• _Problem to solve_:
Below are the entries. Print only the lines starting at the one with "Paint Splash PNG" and ending at the one with "around the world in 80 gins world gin day", exactly, with no pictures.

• _Given information_:
##########

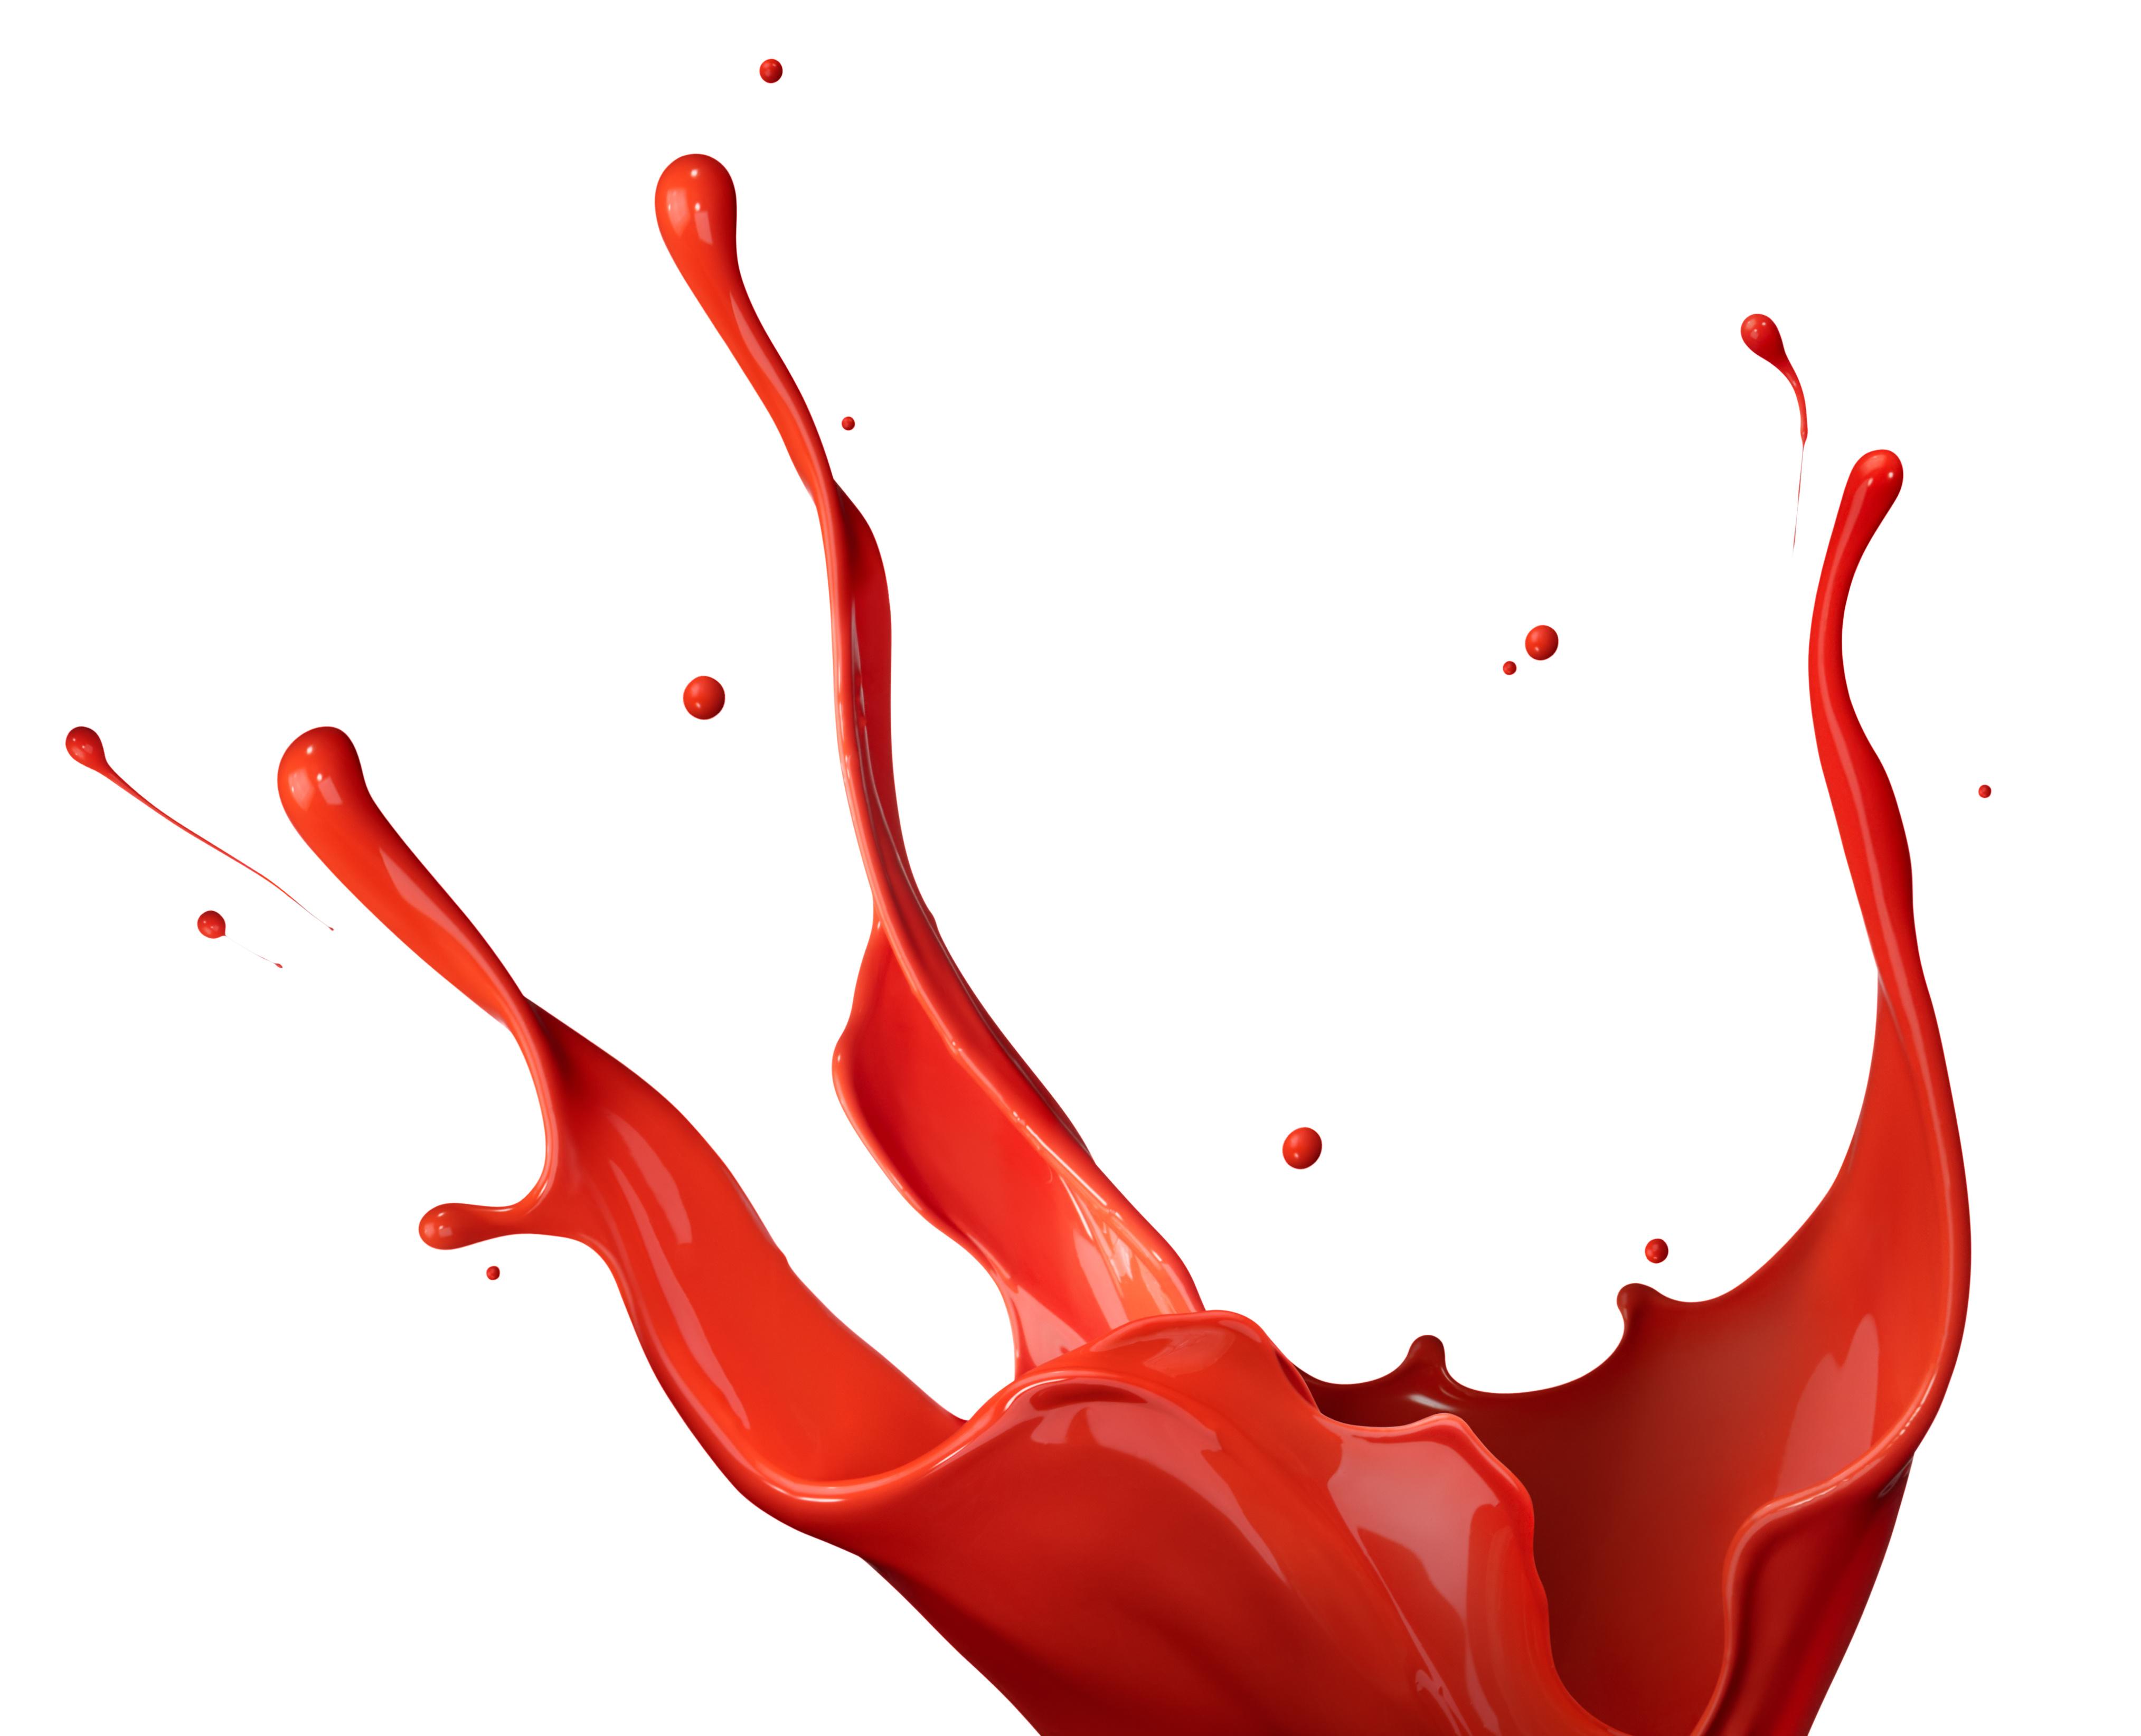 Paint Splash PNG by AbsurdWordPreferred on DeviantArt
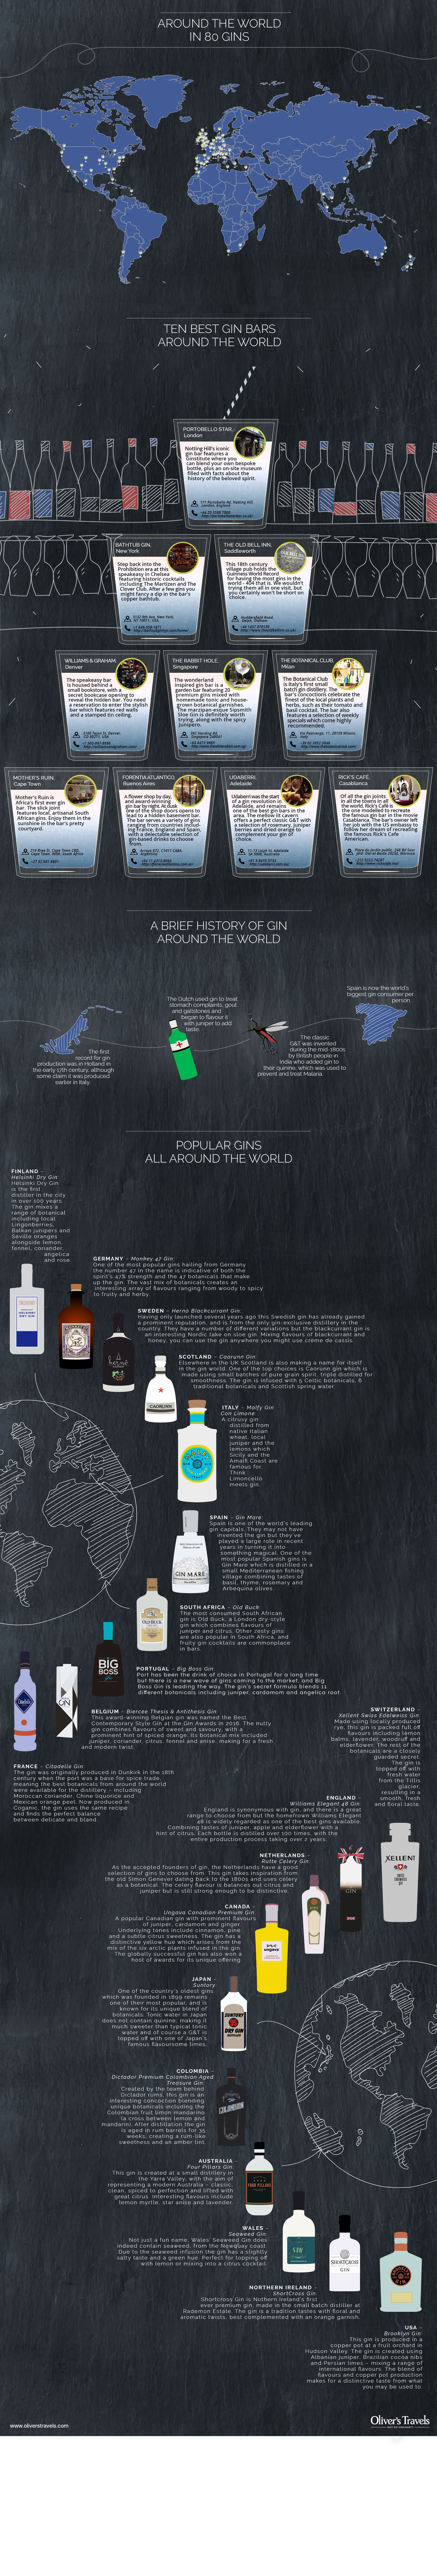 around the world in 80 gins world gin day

##########

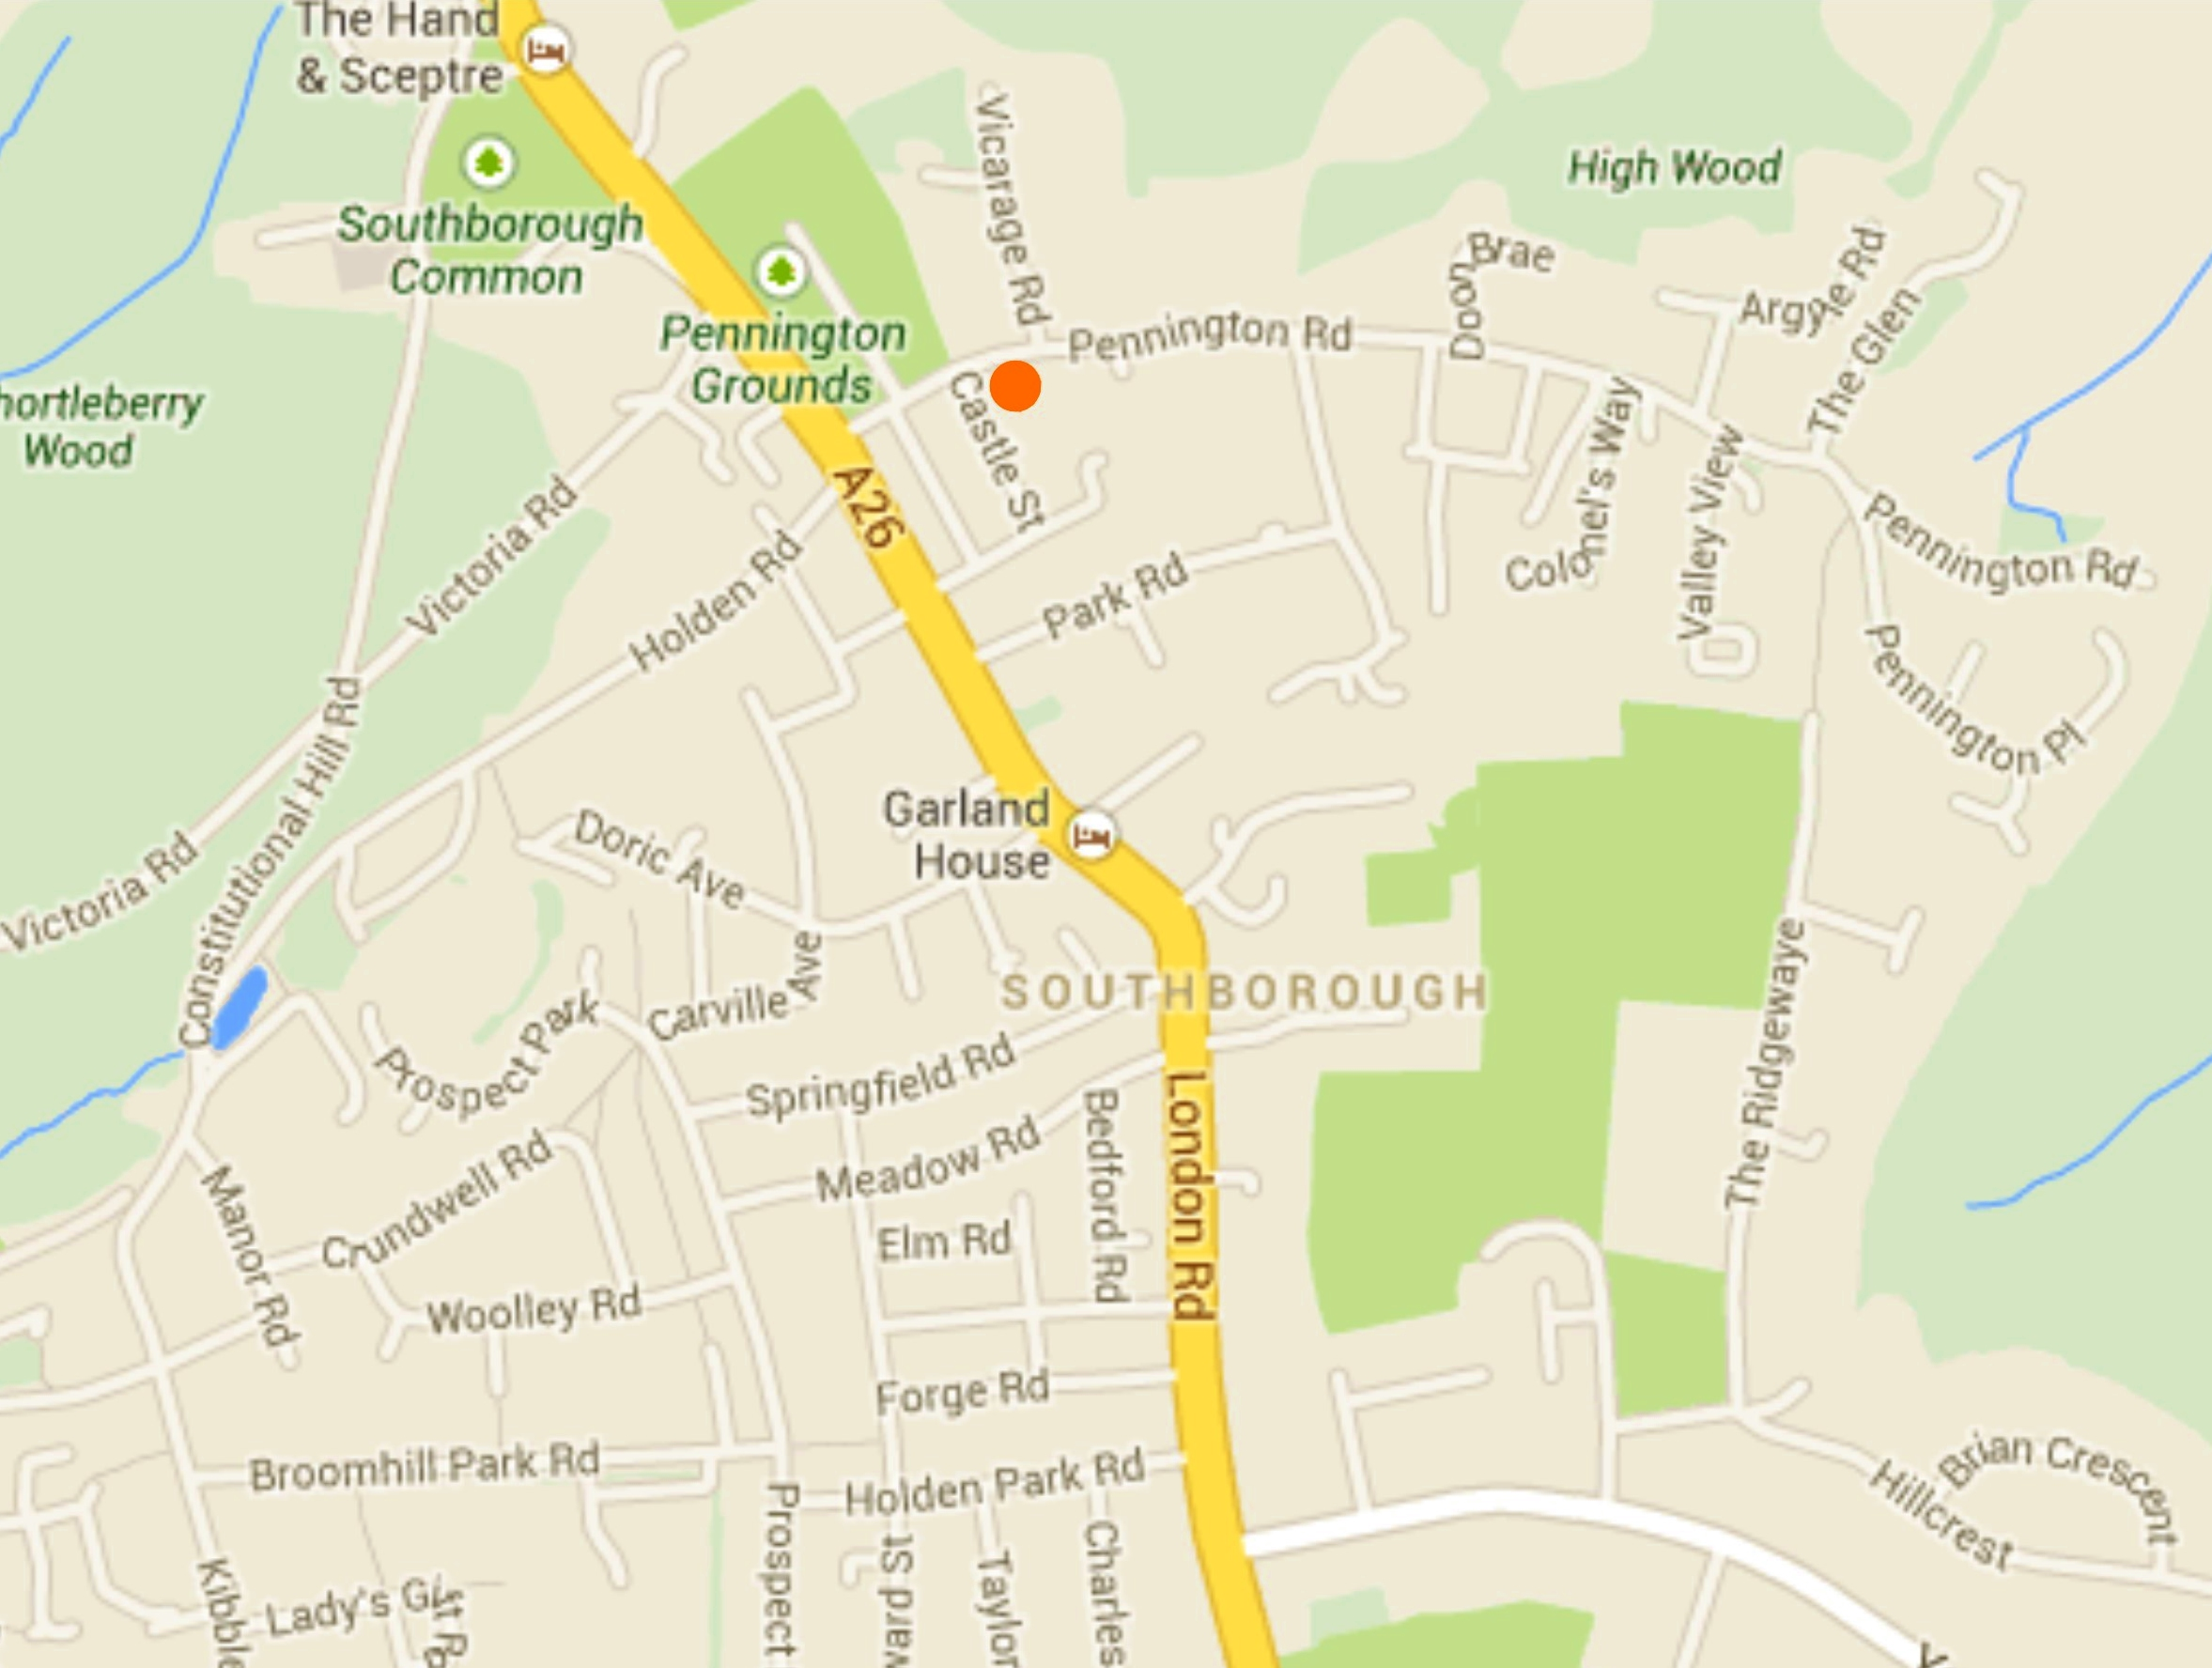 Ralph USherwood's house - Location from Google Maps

##########

• _Reply to the task_:
 Paint Splash PNG by AbsurdWordPreferred on DeviantArt
 around the world in 80 gins world gin day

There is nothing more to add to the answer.